Georgios Apostolidis

Personal information
- Date of birth: 22 June 1995 (age 30)
- Place of birth: Thessaloniki, Greece
- Height: 1.71 m (5 ft 7 in)
- Position: Left winger

Team information
- Current team: Kozani
- Number: 11

Youth career
- PAOK
- 0000–2013: Iraklis

Senior career*
- Years: Team / Apps / (Gls)
- 2013–2014: Iraklis / 4 / (0)
- 2014: Kampaniakos / 7 / (0)
- 2015: Real Avilés
- 2015: Niki Volos / 2 / (0)
- 2016: Pierikos / 15 / (2)
- 2016–2017: Ermionida / 21 / (10)
- 2017–2018: Kissamikos / 25 / (3)
- 2018–2019: Kerkyra / 9 / (2)
- 2019–2020: Doxa Drama / 10 / (0)
- 2020–2021: Ierapetra / 8 / (1)
- 2021–2022: Irodotos / 24 / (2)
- 2022–: Kozani / 20 / (1)

= Georgios Apostolidis (footballer) =

Greek footballer (born in 1995)

Georgios Apostolidis (Γεώργιος Αποστολίδης; born 22 June 1995) is a Greek professional footballer who plays as a left winger for Super League 2 club Kozani.

==Career==
Apostolidis started his football career in the academies of PAOK, before moving to city rivals' Iraklis youth system.
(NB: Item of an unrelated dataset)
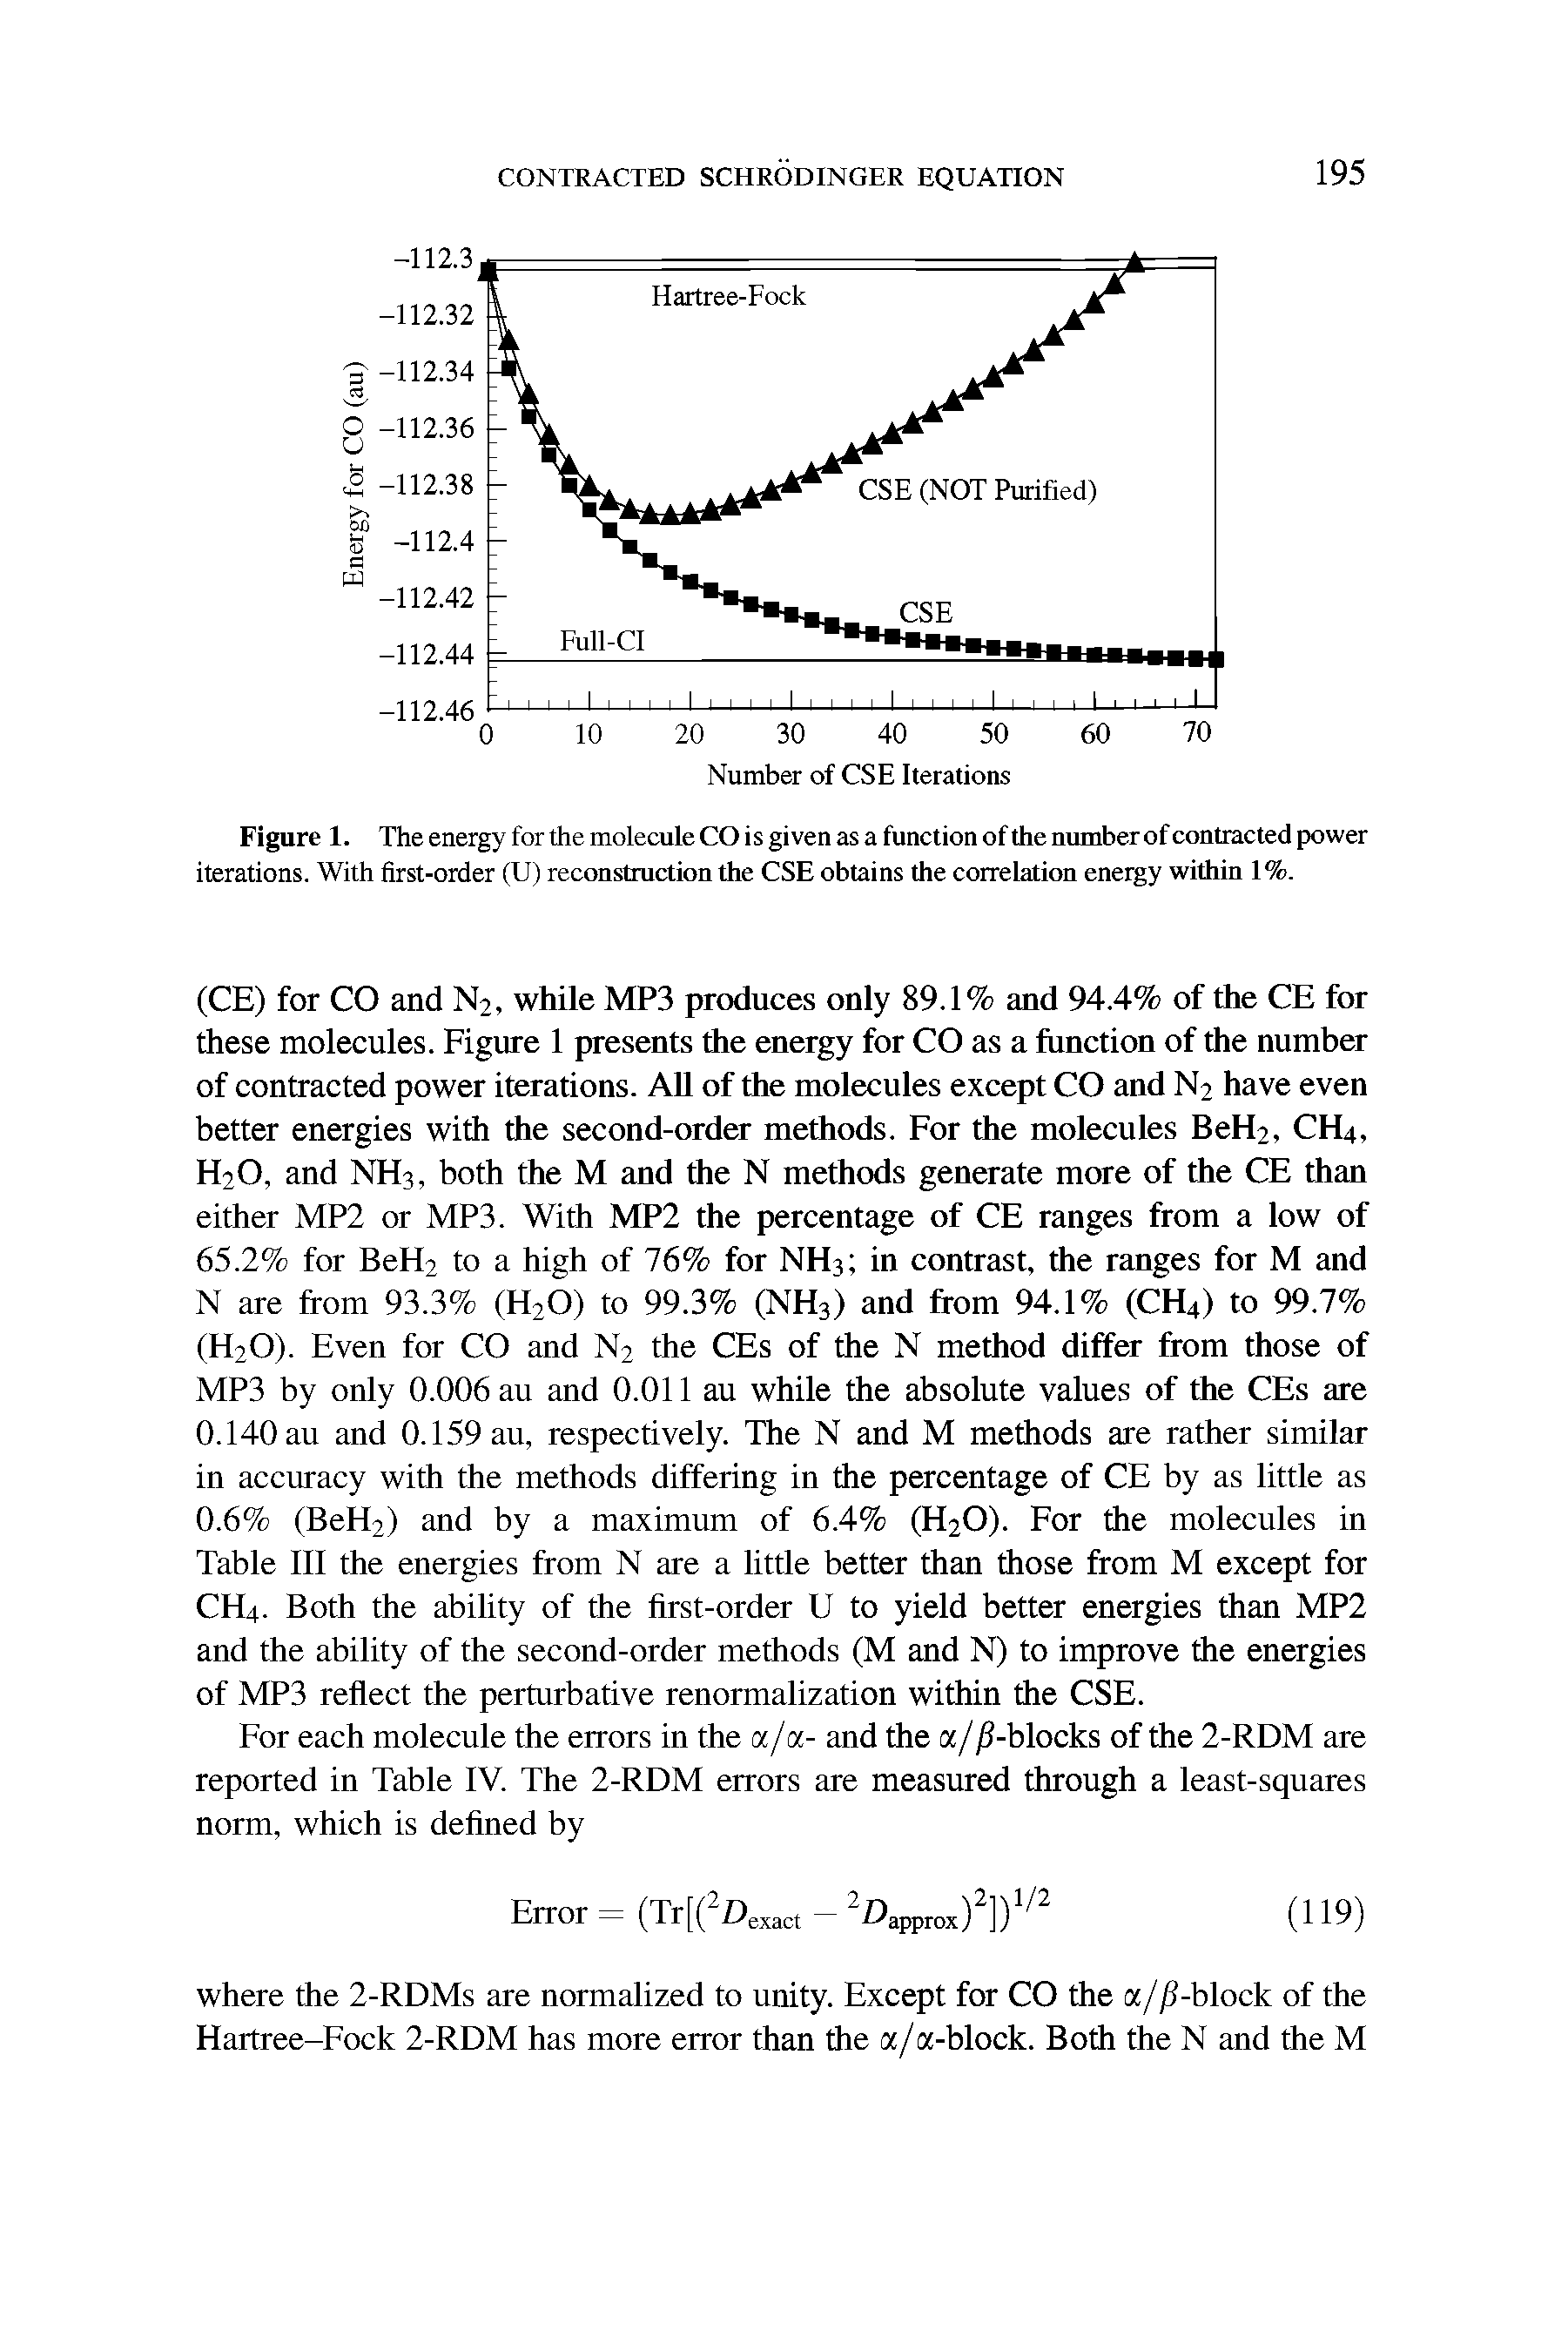 Figure 1. The energy for the molecule CO is given as a function of the number of contracted power iterations. With first-order (U) reconstruction the CSE obtains the correlation energy within 1%.

A string of good performances with Iraklis' U–20 team earned him his first professional contract with the side. He made his debut for Iraklis, coming on as a late substitute for Benjamin Onwuachi, in a 2–1 home win against Aiginiakos. In the summer of 2014, after being released from Iraklis, he signed for Football League 2 club Kampaniakos.